There are many lessons that can be learnt from the application of in silico approaches in the viral pandemic of COVID-19. On the positive side, molecular modelling provides the advantage of reduced cost for faster development of a drug candidate. This is propelled by databases and collaborative efforts of scientists. Scientists can thus directly compare the various drug candidates in these databases and assess for further development.

This was the third instance of application of these techniques, and therefore, important lesson would be to rely more on high-resolution crystal structures rather than homology models. Otherwise, it will be very difficult to process the huge repository of docking results generated every time. Also, database generation should become a priority to increase the collaborative capacity and, therefore, data validation by scientists throughout the world. In addition, if the molecular docking is performed on commercially available drugs and herbal chemicals, it would help us limit the number of docked molecules yet keeping the feasibility of taking the drug candidate to the next stage of drug development. Molecular docking of chemicals that are not readily available leads to extra steps of extraction or synthesis that could be avoided. It is thus understandable that a collaborative approach where scientists team up to work on different aspects such as bioinformatics, chemical synthesis, in vitro testing, and in vivo testing will be fruitful. Interestingly, the comprehensive information about virus pathogenesis in the human body is still not available and thus hinders progress in drug development.

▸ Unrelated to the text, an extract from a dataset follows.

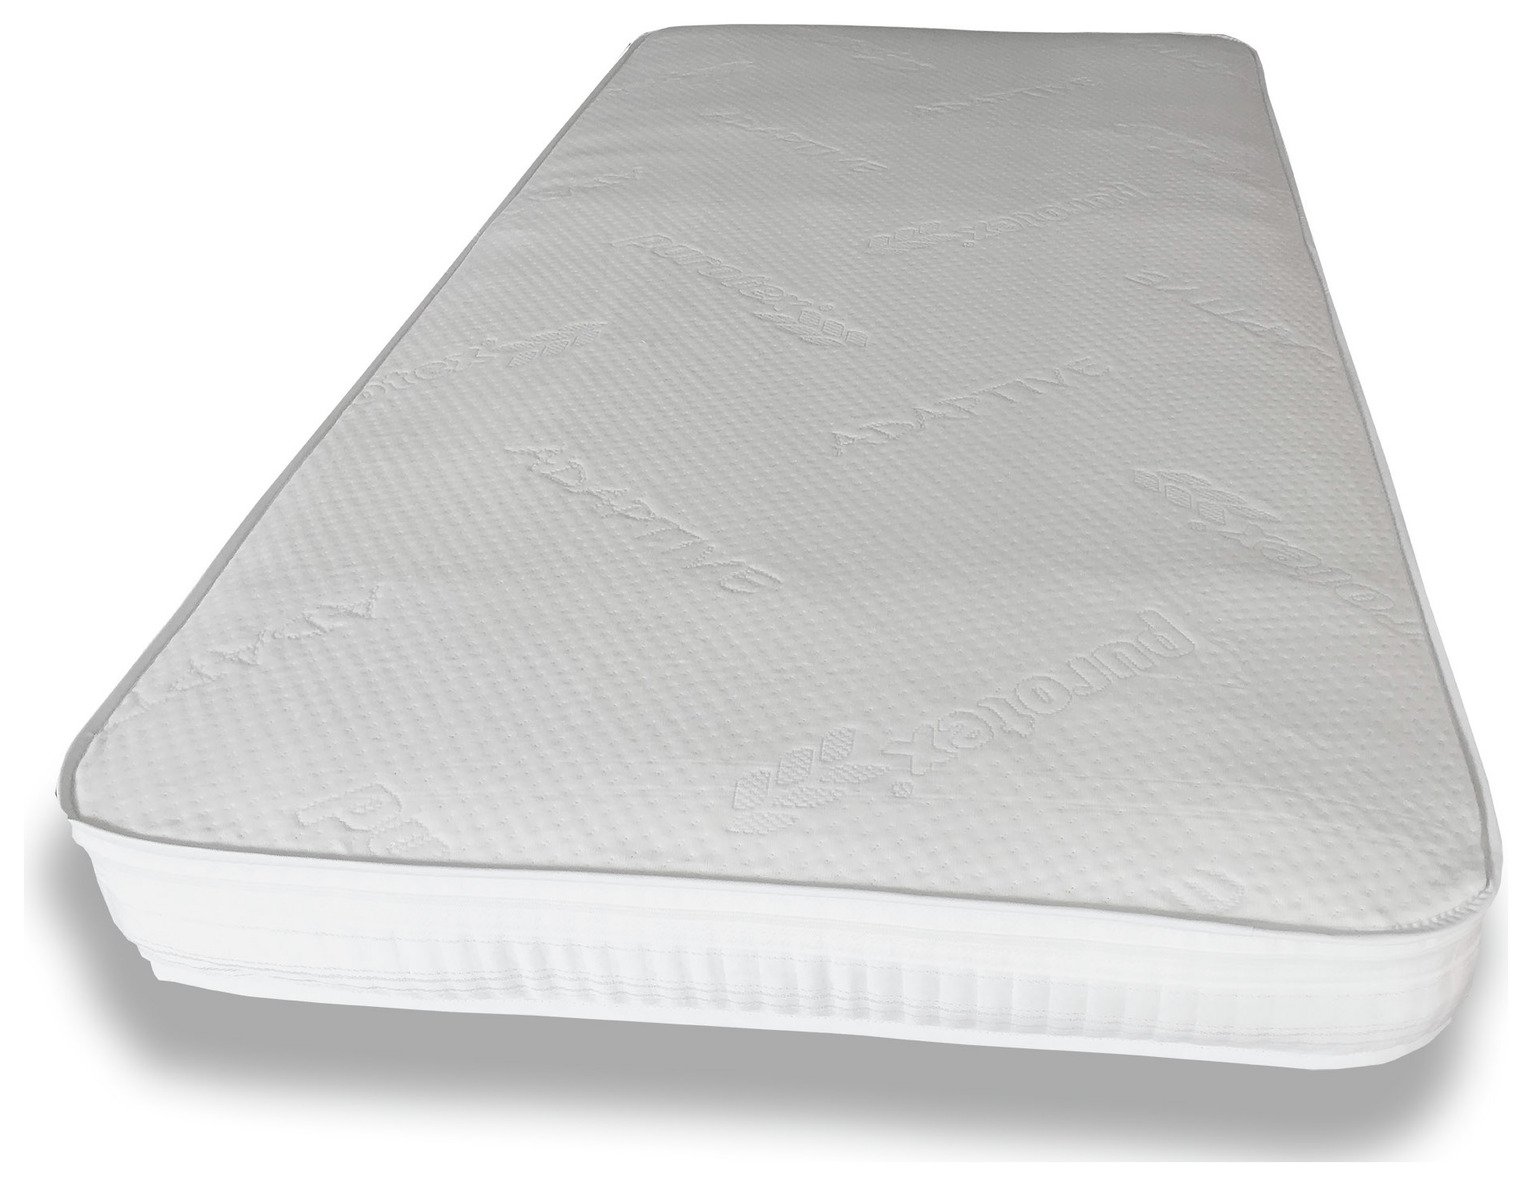 Cuggl 140 x 70cm Thermo Pocket Sprung Cot Bed Mattress Review
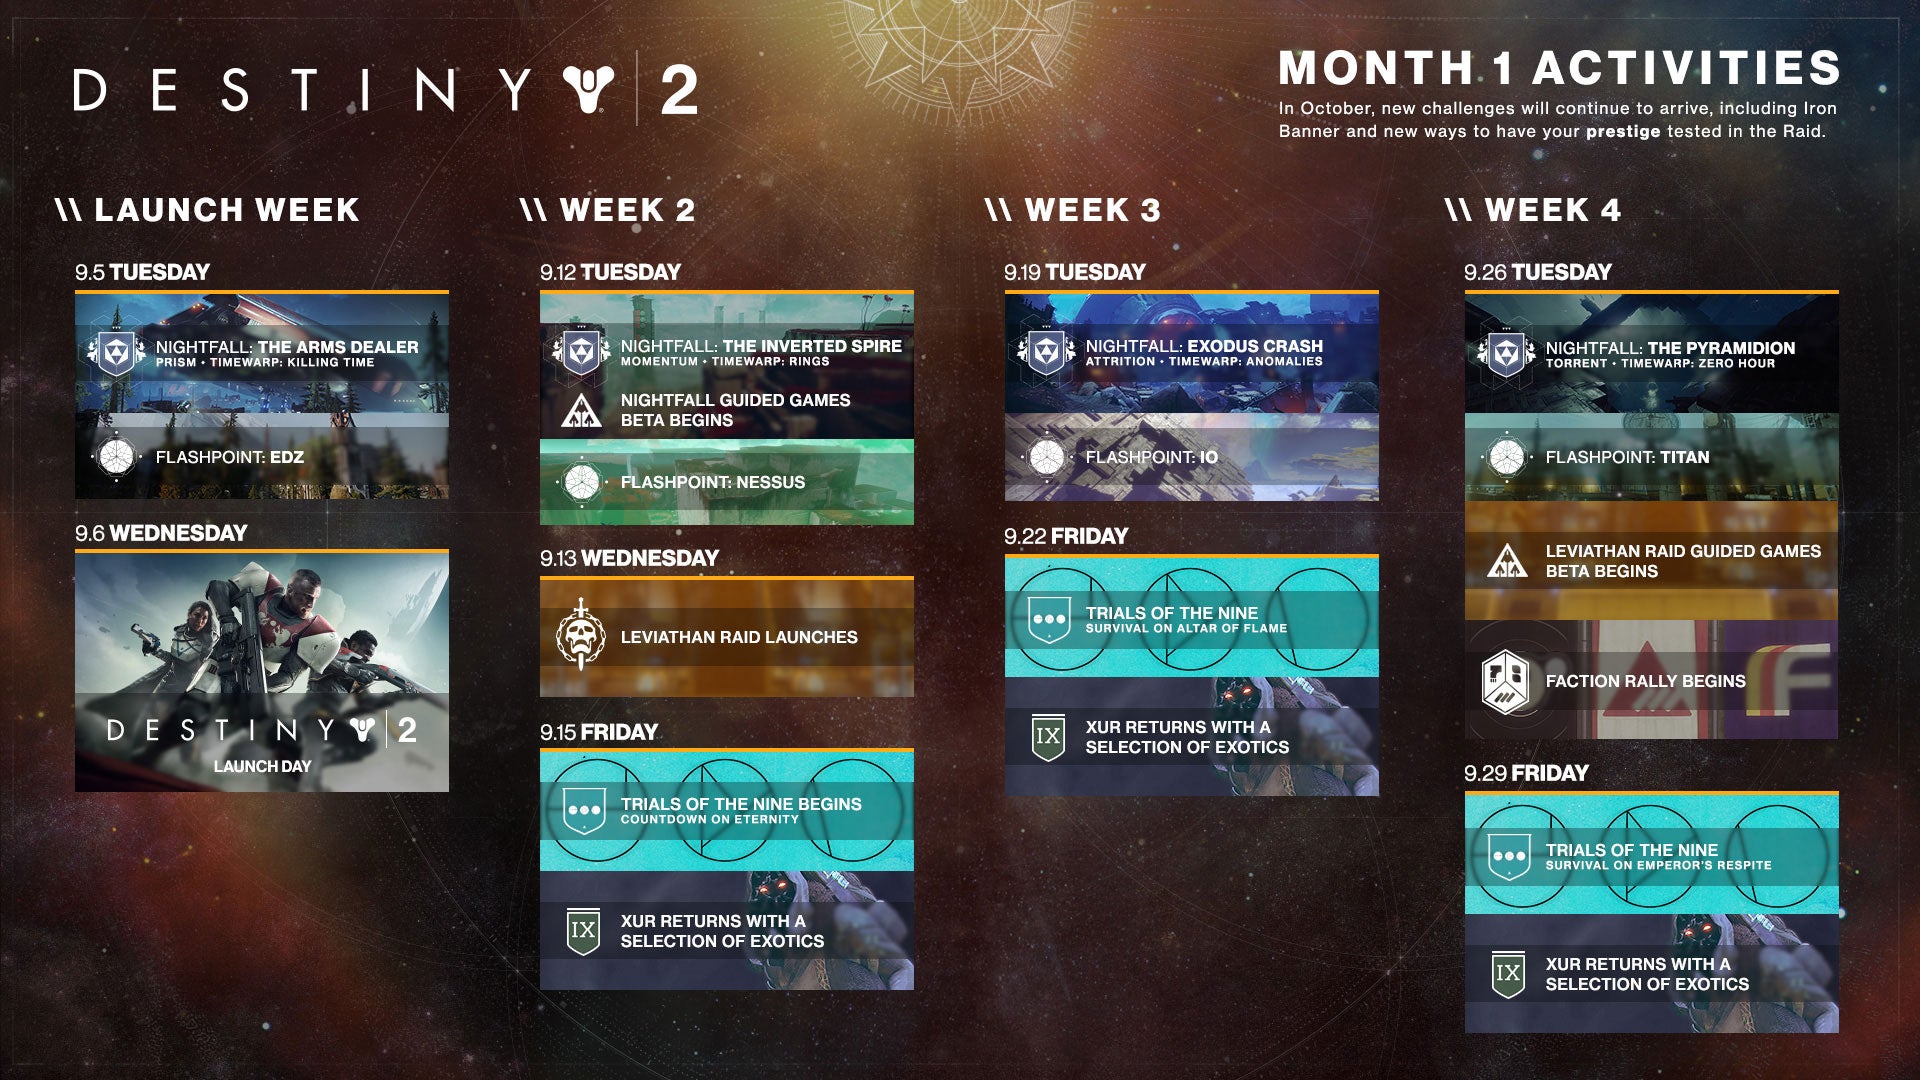 Image for Destiny 2 Month 1 schedule includes Faction Rally, Xur, Guided Games, Trials of the Nine and more

In conclusion, due to the heavy inundation with incomplete or unvalidated molecular modelling studies, it is warranted that proper steps are taken to manage pseudoscience propagation.

4 Future Outlook

Application of bioinformatic approaches in Ebola, Zika, and COVID-19 pandemic has shown that these approaches can be used for planning and developing antiviral drugs and support pandemic situations when properly streamlined. Target identification, interaction mapping, understanding structure activity relationships, and molecular docking and dynamics could provide important tools for elucidating underlying pathogenesis and its targeting by novel drug candidates. When coupled to proper experimental testing, the drug development will have far-reaching results. We are able to increase the safety of the drug molecules, i.e. by understanding the physical-chemical properties as well as probability of success. Time must be spent on elucidating underlying mechanisms so as to provide relief to clinical symptoms of COVID-19.